The BCS\Carbon Trust simulator

The (patent pending) data center cost and energy simulator was first conceived in 2005 by Liam Newcombe (CTO at Romonet). He was trying to answer the question: is it possible to create a ‘power factor’ type of ratio that would answer the question of ‘how much power will be drawn from the utility if I were to put this IT device into my data centre?’

What he realised quite quickly is that in order to actually answer that question with any degree of confidence and thus answer if a simple ‘power factor’ type calculation could be used, he needed a much better understanding of how the data center environment worked.

When he dug further it quickly became apparent that the data center, when considered with the housed ICT equipment, is quite a complex environment that makes simplistic analysis difficult. Some basic concepts came out of this early work:

  • The cost1 of a compute task can vary with where and when you run it
  • There are fixed costs and variable costs giving marginal costs
  • A simple ‘power factor’ style number is of no value when costing tasks

This early work then led to the development of the simulator. By 2007 much of the mathematics to prove the concept had been worked out. Then with the addition of some domain experts (mathematicians, mechanical engineers, electrical engineers and IT engineers) a functional early alpha version of the simulator was created.

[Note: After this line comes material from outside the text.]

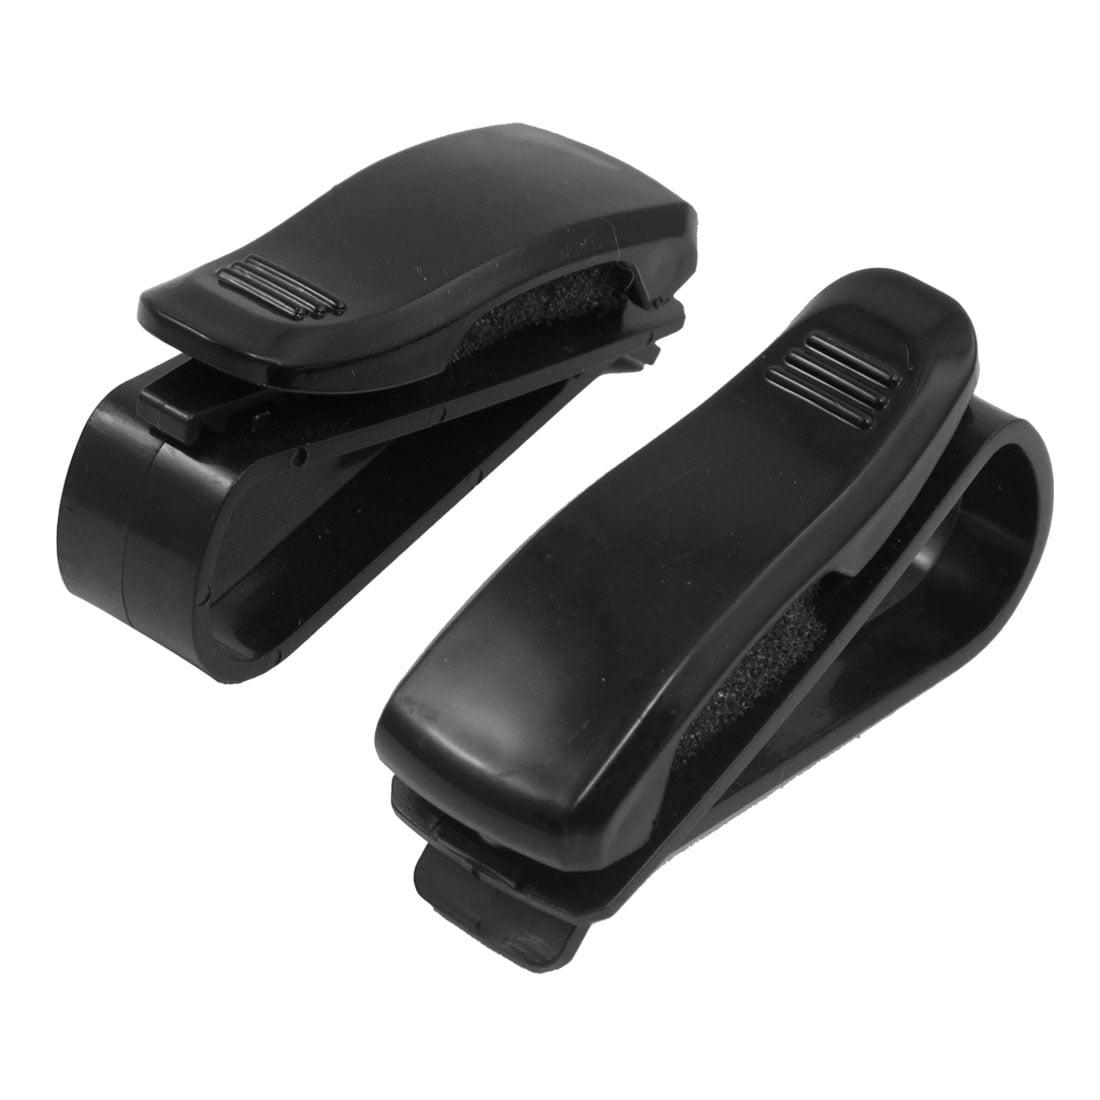 2 x Black Plastic Eyeglasses Card Clip Holder for Auto Cars

In 2008 Romonet joined forces with the Carbon Trust and British Computer Society to jointly fund the development of the simulator as an open source tool written in java. This can be used either in stand-alone form, or within other software that needing the ability to dynamically forecast and calculate the cost of running a compute task or activity within the data center.

1 The term ‘cost’ is used to mean financial cost (£/$/€), energy (kWh) or environmental cost (CO2)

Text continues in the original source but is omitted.